I am sure that this is not new to anyone, but it is expressed in the very first paragragh- All students have a reason for their behaviours. Whether we understand these reasons or not, there is a reason none-the-less. As educators and adults, it is our responsibility to determine what that reason could be. Now if it were just me, I would have absolutely no clue what students were saying with their behaviours! Thankfully the authors Jane Nelsen and Kelly Gfroerer were kind enough to us a “Mistaken Goal Detective Clue Form” (page 11, continued on page 16) and a “Mistaken Goal Chart” on pages 12-15 to help us determine these reasons.
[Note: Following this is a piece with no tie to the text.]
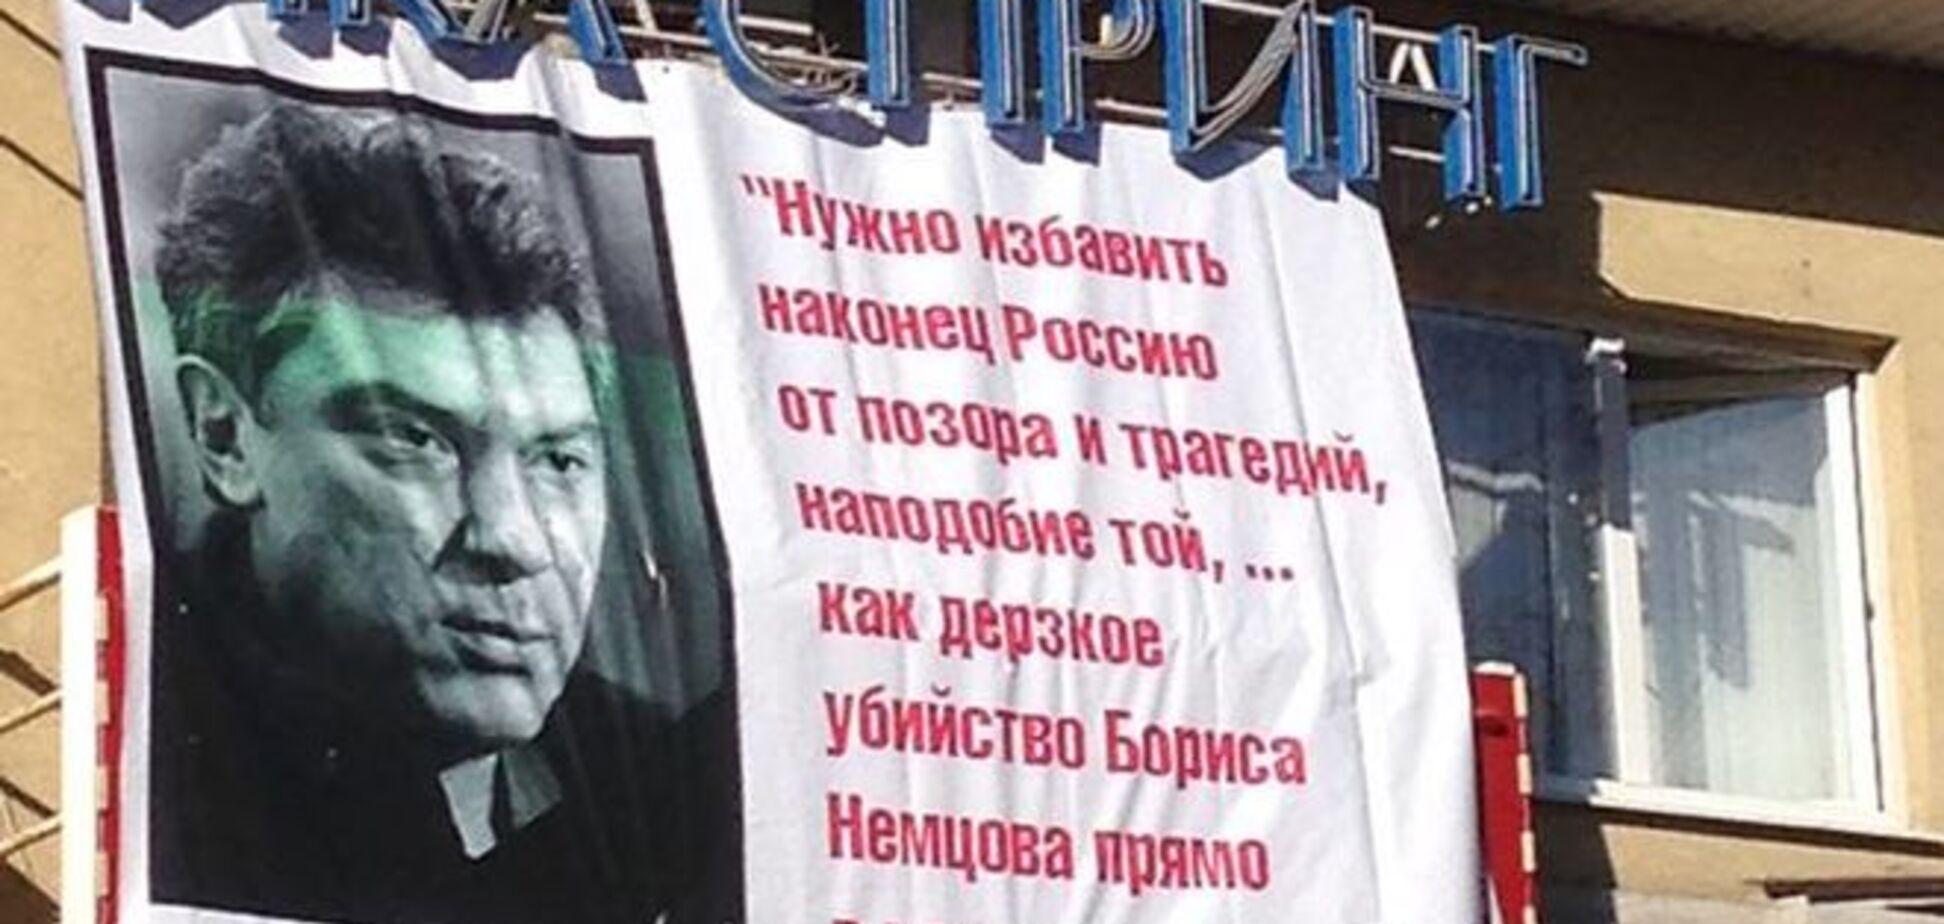 В Нижнем Новгороде силовики решили проверить цитату Путина на экстремизм
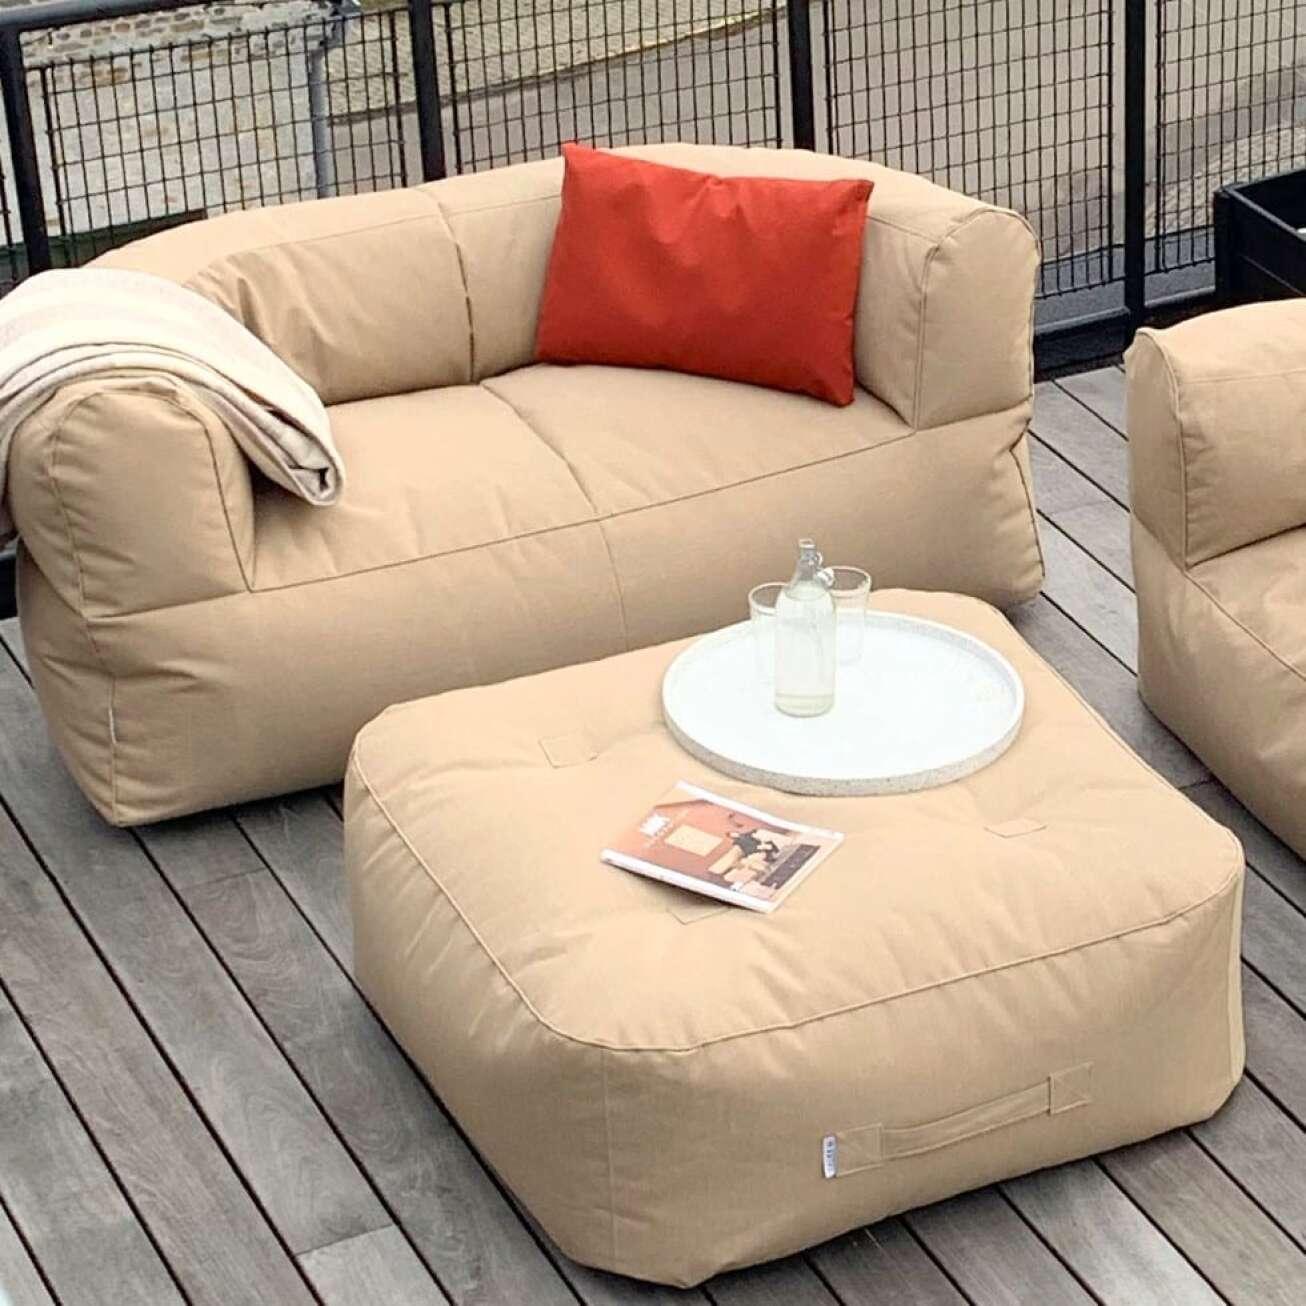 Arm-strong-sofa Hagemøbler og utemøbler - Fine design

When I look at a repeated incident that happened with my youngest son while he was at daycare, I can see that he fit under the misguided power. He would intensify his behaviour whenever the adults in charge got angry wih him and tried to make him dowhat they wanted. He would get into the “You can’t make me” mode and intensify his behaviours even further, including throwing materials within the room, yelling, ignoring, and even running on top of the tables. In the end, I would get a phone call to come pick him up. If only they had used some of the ideas to be proactive and empowering of my child, they may have gotten different responses from him in the first place.
It is very important to ensure that issues are dealt with at an appropriate time and inan appropriate way with the child. Making sure that he/she feels safe is essential. Talking with the student privately when they are calm is needed to maintain the dignity of the child. The authors suggest asking the child, in an age appropriate way, if their behaviours fall under the different mistaken goal-whichever ones you feel their behaviours may fall under, then responding in a way that makes the child feel heard and understood, allowing the relationship to be repaired. It is absolutely imperative that empathy for the child is genuine-they can tell when you are being insincere. This will help build and maintain connections between the adult and child, allowing the child to feel they belong.
I will go through each of the Mistaken Goals seperately before moving on to Chapter 2.
- Look back on an incident you have had with a student (or even your own child) andd try to place their behaviours on the Mistaken Goal Chart. What could you have done differently?